Try reviewing the nginx config to see where it is picking up the expired cert from.
And replace that path with the path to the renewed cert:

mysameer · March 8, 2023, 3:12am

yes

i found that my niginx default.conf file is
ssl_certificate /etc/letsencrypt/live/fullchain.pem; # managed by Certbot
ssl_certificate_key /etc/letsencrypt/live/privkey.pem; # managed by Certbot
include /etc/letsencrypt/options-ssl-nginx.conf; # managed by Certbot
ssl_dhparam /etc/letsencrypt/ssl-dhparams.pem; # managed by Certbot

and when i create new certificate the path is
Certificate Path: /etc/letsencrypt/live/supervisionspace.app/fullchain.pem
Private Key Path: /etc/letsencrypt/live/supervisionspace.app/privkey.pem

should i copy the /etc/letsencrypt/live/supervisionspace.app/fullchain.pem TO /etc/letsencrypt/live/fullchain.pem
and /etc/letsencrypt/live/supervisionspace.app/privkey.pem TO /etc/letsencrypt/live/privkey.pem

_az · March 8, 2023, 3:14am

This is wrong. Each of these should point to the subdirectory e.g. /etc/letsencrypt/live/supervisionspace.app/fullchain.pem. Files should not be stored directly inside /etc/letsencrypt/live/.
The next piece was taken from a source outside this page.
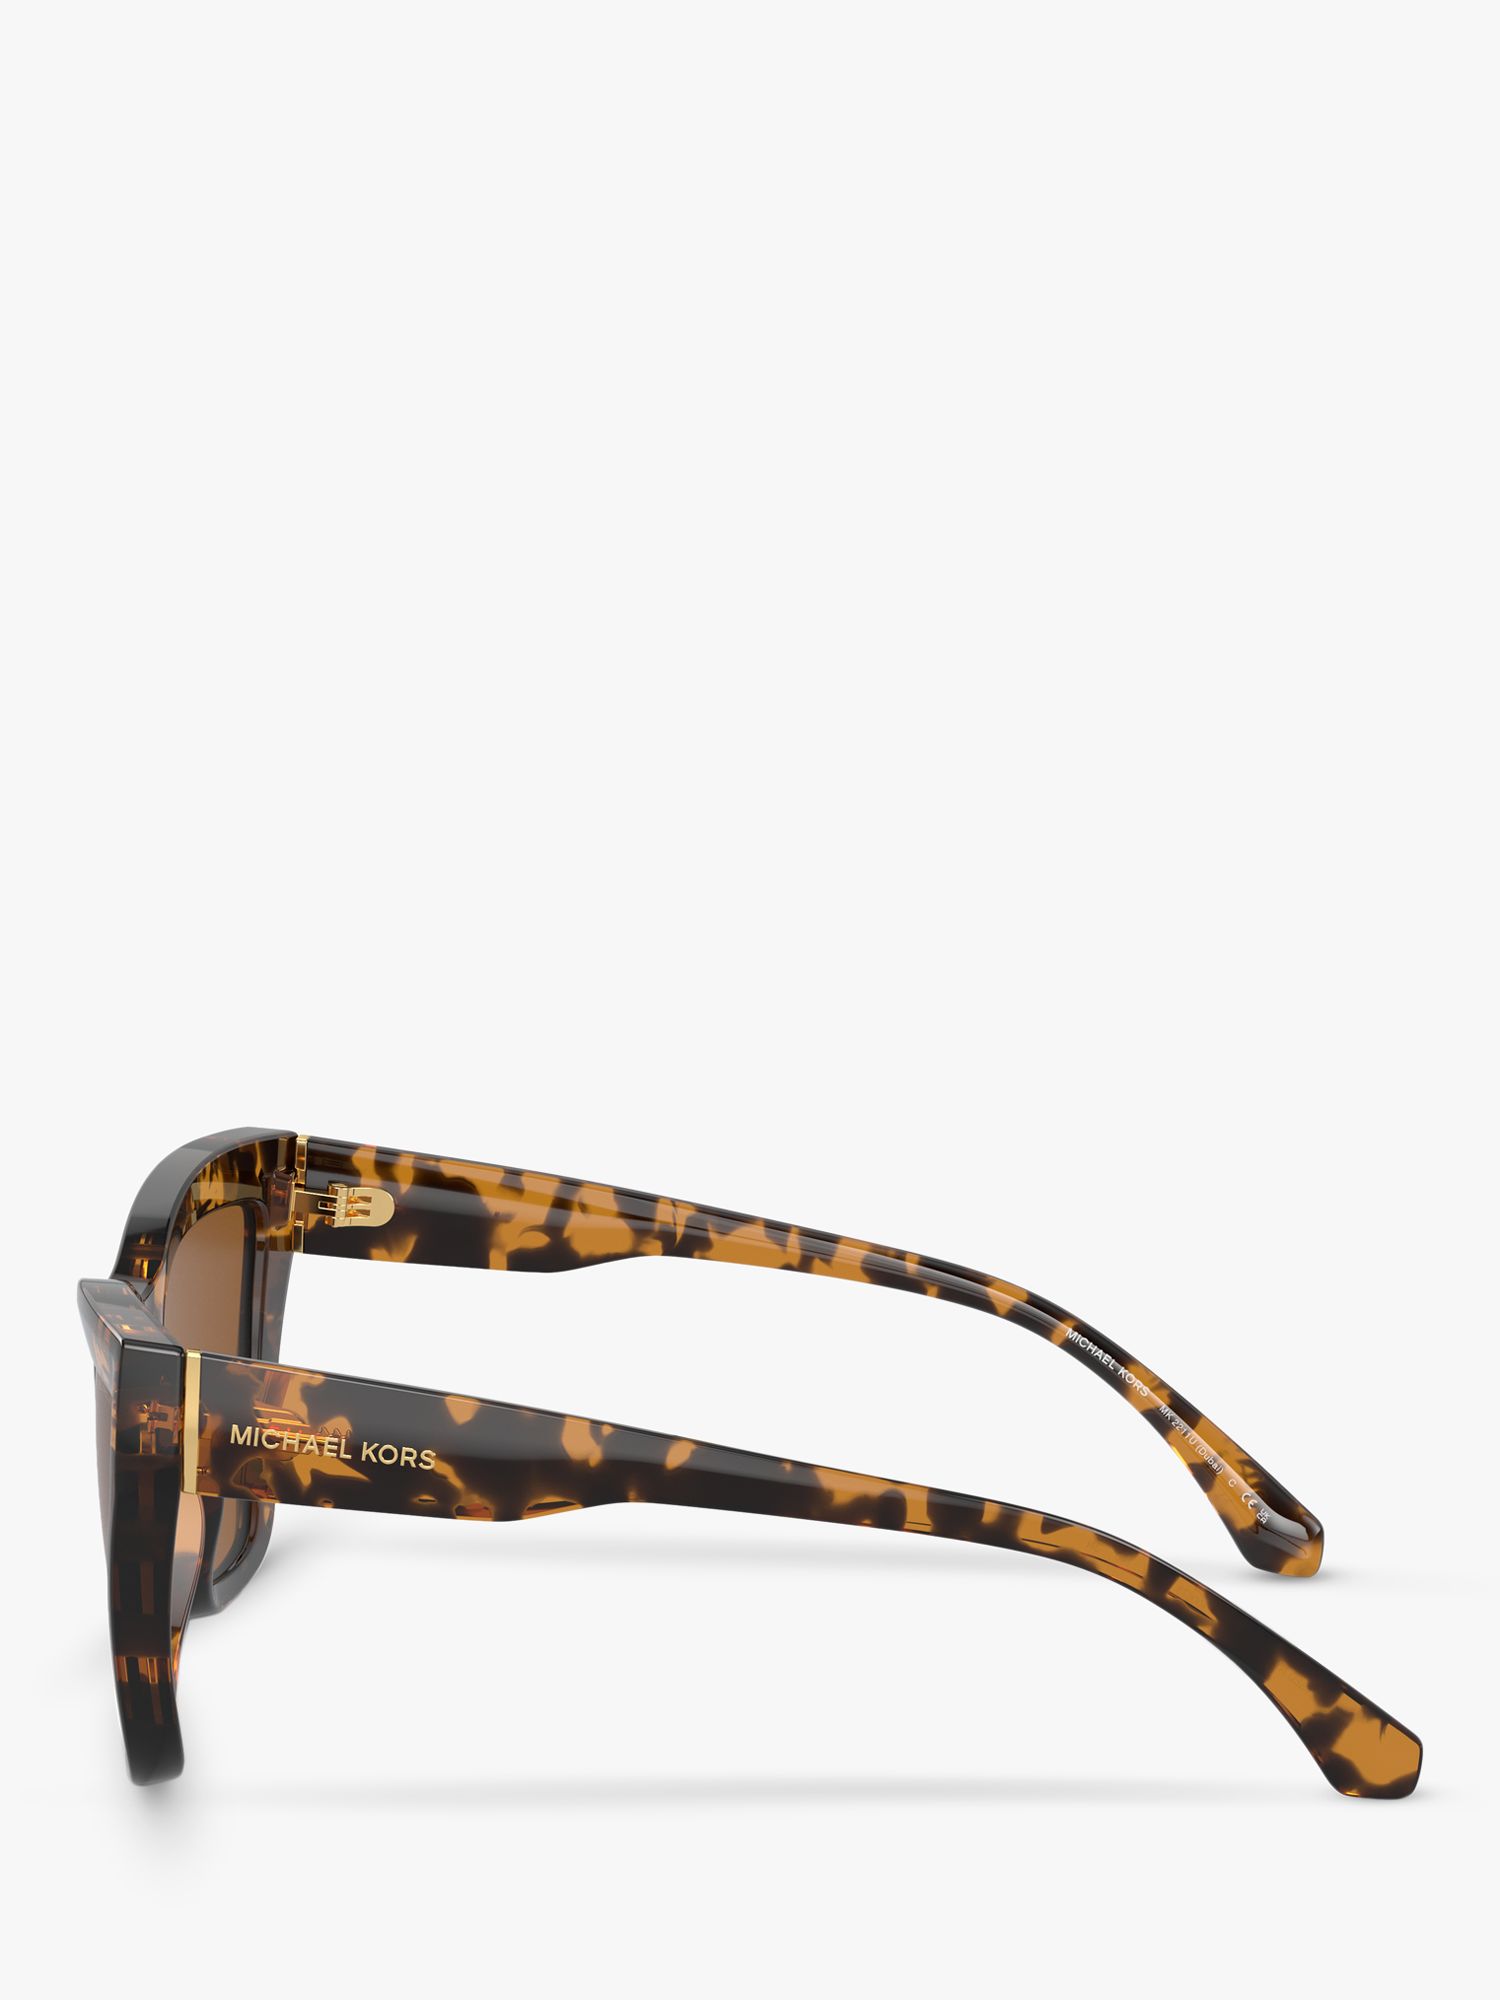 Michael Kors MK2211U Women's Dubai Cat's Eye Sunglasses, Dark Tortoise/Brown

rg305 · March 8, 2023, 3:44am

No.
I wrote what you should do:

mysameer · March 8, 2023, 3:46am

Thank you so much problem resolved

there is a docker compose file where the volume path of the container is

nginx:
image: nginx:1.16.0-alpine
volumes:
- ./nginx/nginx.conf:/etc/nginx/nginx.conf:ro
- ./nginx/common:/etc/letsencrypt/
- ./configs/ssl:/etc/letsencrypt/live
ports:
- "80:80"
- "443:443"
restart: always

i just need to copy those key into this and restart the container

Thank you once again i got the idea with your help .

system · April 7, 2023, 3:46am

This topic was automatically closed 30 days after the last reply. New replies are no longer allowed.